Though the Stand by Her campaign in China has received support on social media, it has also been criticized and mocked. Some said the boxes with pads should be placed inside bathrooms to give people more privacy. In one widely reported incident, boxes seeking donations for tissue paper were placed outside men’s bathrooms at China University of Political Science and Law in Beijing with crude references to masturbation.

尽管中国的“予她同行”运动在社交媒体上得到了支持,但也遭到了批评和嘲笑。一些人说,装卫生巾的盒子应该放在卫生间里才能给人更多隐私。发生在北京的中国政法大学的一件事得到了广泛报道,有人把用于收集募捐纸巾的盒子放在男厕外,粗鲁地对手淫进行暗示。

But the campaign has also found male supporters.

但这场运动也有男性支持者。

Conor Yu, a 22-year-old graduate student at Shanghai International Studies University, said that he never learned about menstruation in school but was influenced by feminist friends to pay attention. He set up boxes outside women’s bathrooms on campus and asked permission to put up informational posters in the library, but that request was denied.

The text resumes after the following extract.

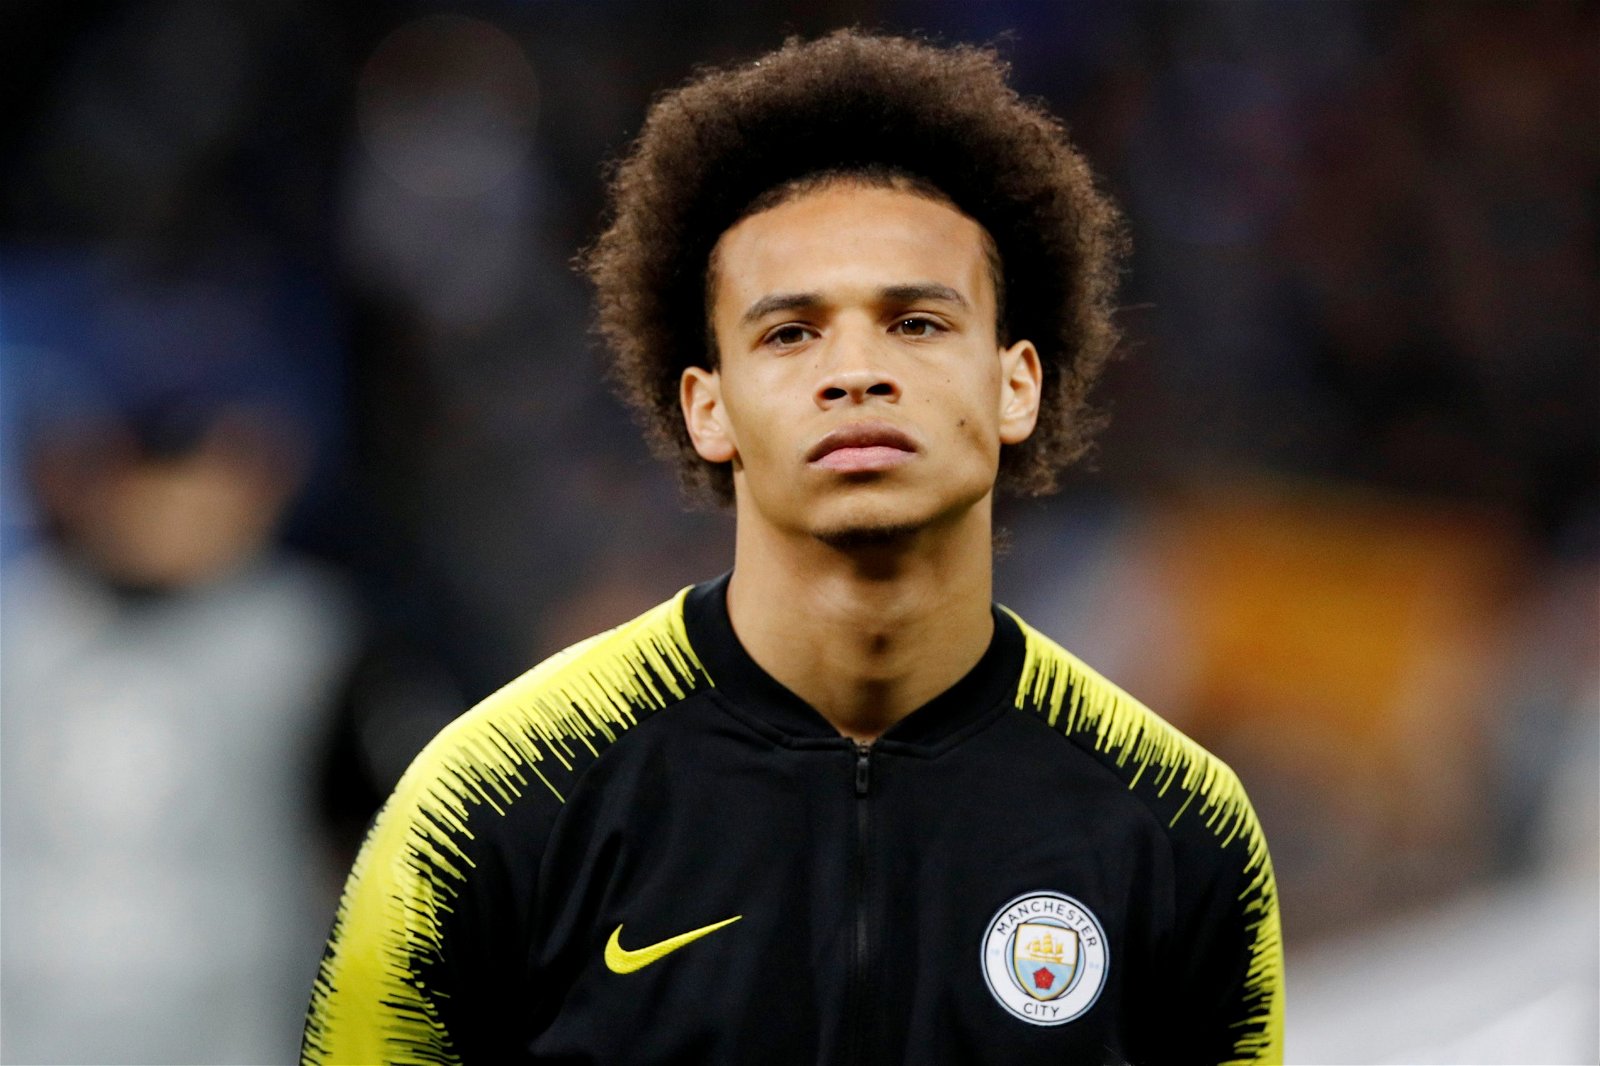 BREAKING: Manchester City Has Agreed To Sell Leroy Sane To Bayern Munich For £54.8m
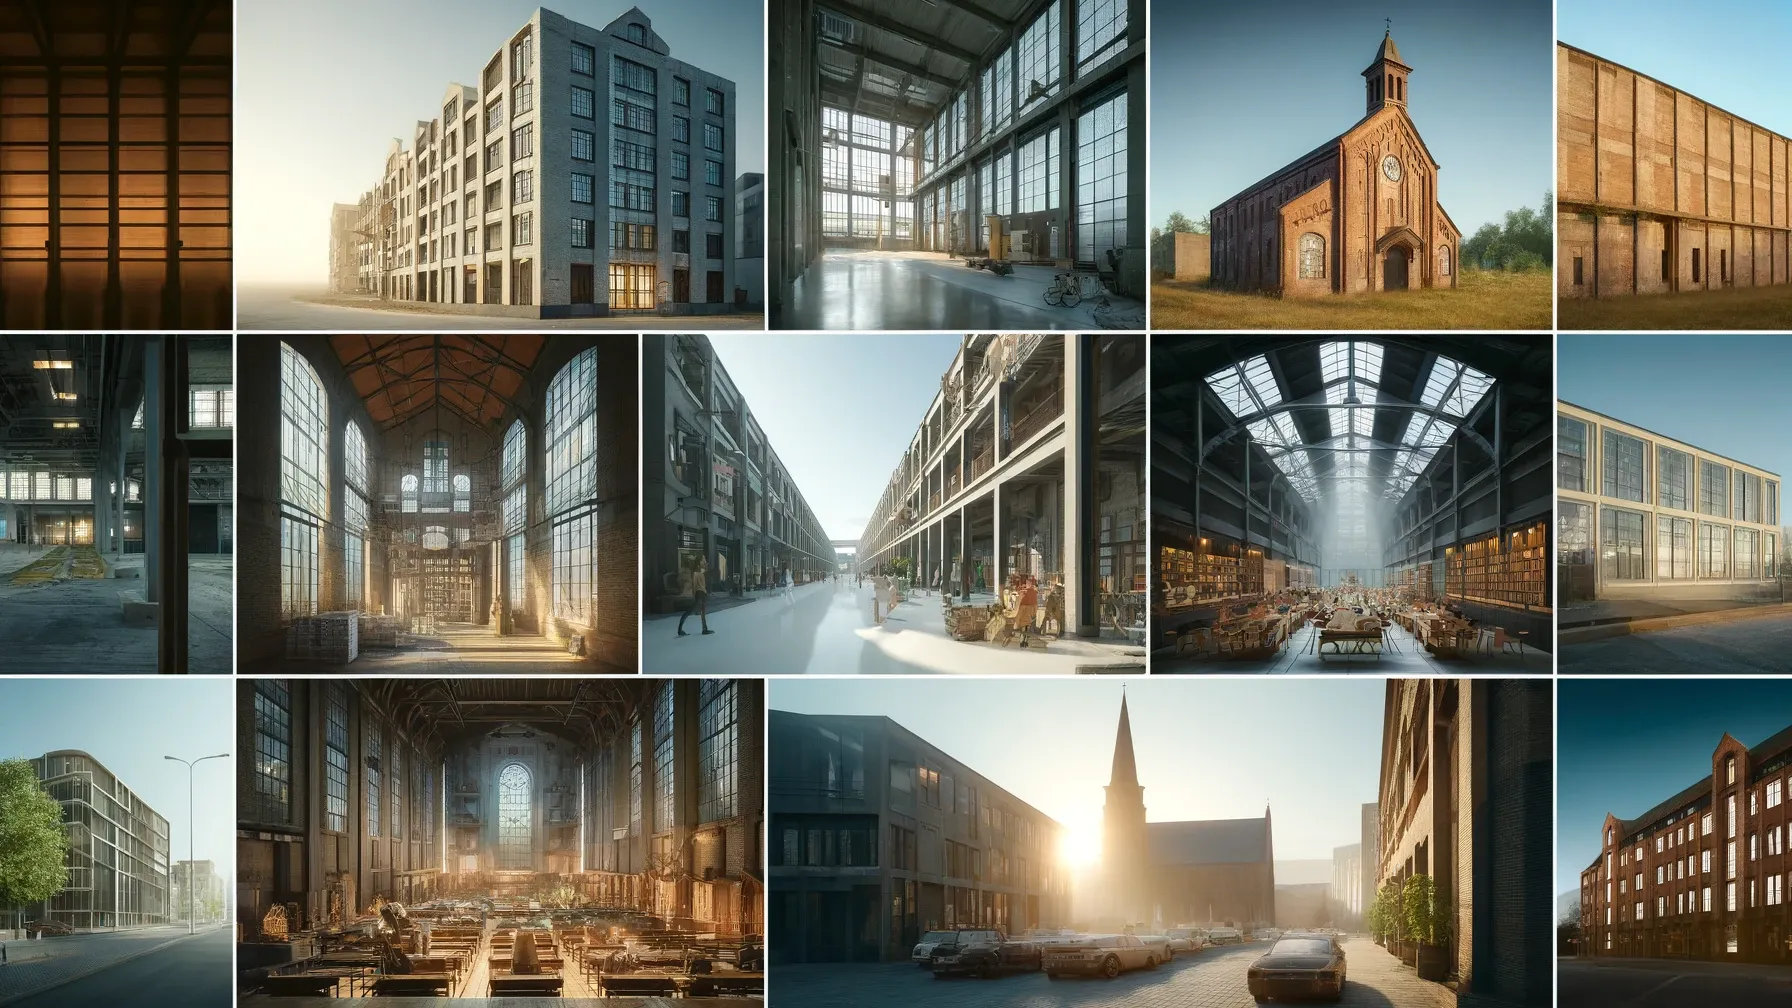 A collage showcasing different adaptive reuse projects with before and after images

22岁的上海外国语大学研究生康纳·于(音)说他在学校里从未学过月经知识,只是受女权主义朋友的影响才去关注。他在校园的女厕外放置了一些自助盒,并请求允许在图书馆张贴海报告示,但被拒绝了。

The subject of periods has become less taboo in China in recent years.

近年来,月经话题在中国的禁忌已经变少了。

In 2016, the Olympic swimmer Fu Yuanhui shattered barriers with a poolside interview in which she revealed that she had gotten her period before the race.

2016年,奥运泳将傅园慧在泳池边接受采访时透露,她在比赛前来了月经。

This summer, period poverty came under renewed scrutiny in China because cheap, unbranded pads that were not individually wrapped were put up for sale by an unidentified seller on an e-commerce platform. Some people questioned why anyone might buy such potentially unsanitary pads. Two online buyers suggested they had purchased the supplies because they could not afford more expensive products.

今年夏天,一位身份不明的卖家在一个电商平台上出售没有独立包装的廉价无品牌卫生巾,月经贫困在中国重新受到了关注。有些人质疑为什么有人会买这种可能不卫生的卫生巾。两名网上买家表示,她们购买这种货是因为买不起更贵的产品。

In October, a 17-year-old girl in Chengdu raised nearly $200,000 in an online campaign to send pads to two high schools in Liangshan, a region in the southwestern province of Sichuan that has one of the highest poverty rates in the country.

10月,成都一名17岁女孩在一个向凉山两所高中寄送卫生巾的网络活动中筹集了近20万美元,凉山位于四川省西南部,是中国贫困率最高的地区之一。

Ms. Jiang, the founder of Stand by Her, said in a post online: “The process of having loud and frequent discussions will remove the stigma from menstruation. This will liberate thousands of women who are ashamed of it.”

“予她同行”的发起者江金静在网上的一篇帖子中说:“如此频繁、大声量且这么多人参与讨论,这个过程就正在给月经去除羞耻,不知不觉中就解放了成千上万因为月经自我羞愧的女性。”

She noted that “pads” and “periods,” once taboo words, were being more commonly discussed in the country.

她指出,曾是禁忌词汇的“卫生巾”和“月经”如今在中国得到了更多讨论。

“This already is a huge breakthrough and milestone,” she said.

“这件事本身就已经是一个非常大的突破和里程碑了,”她说。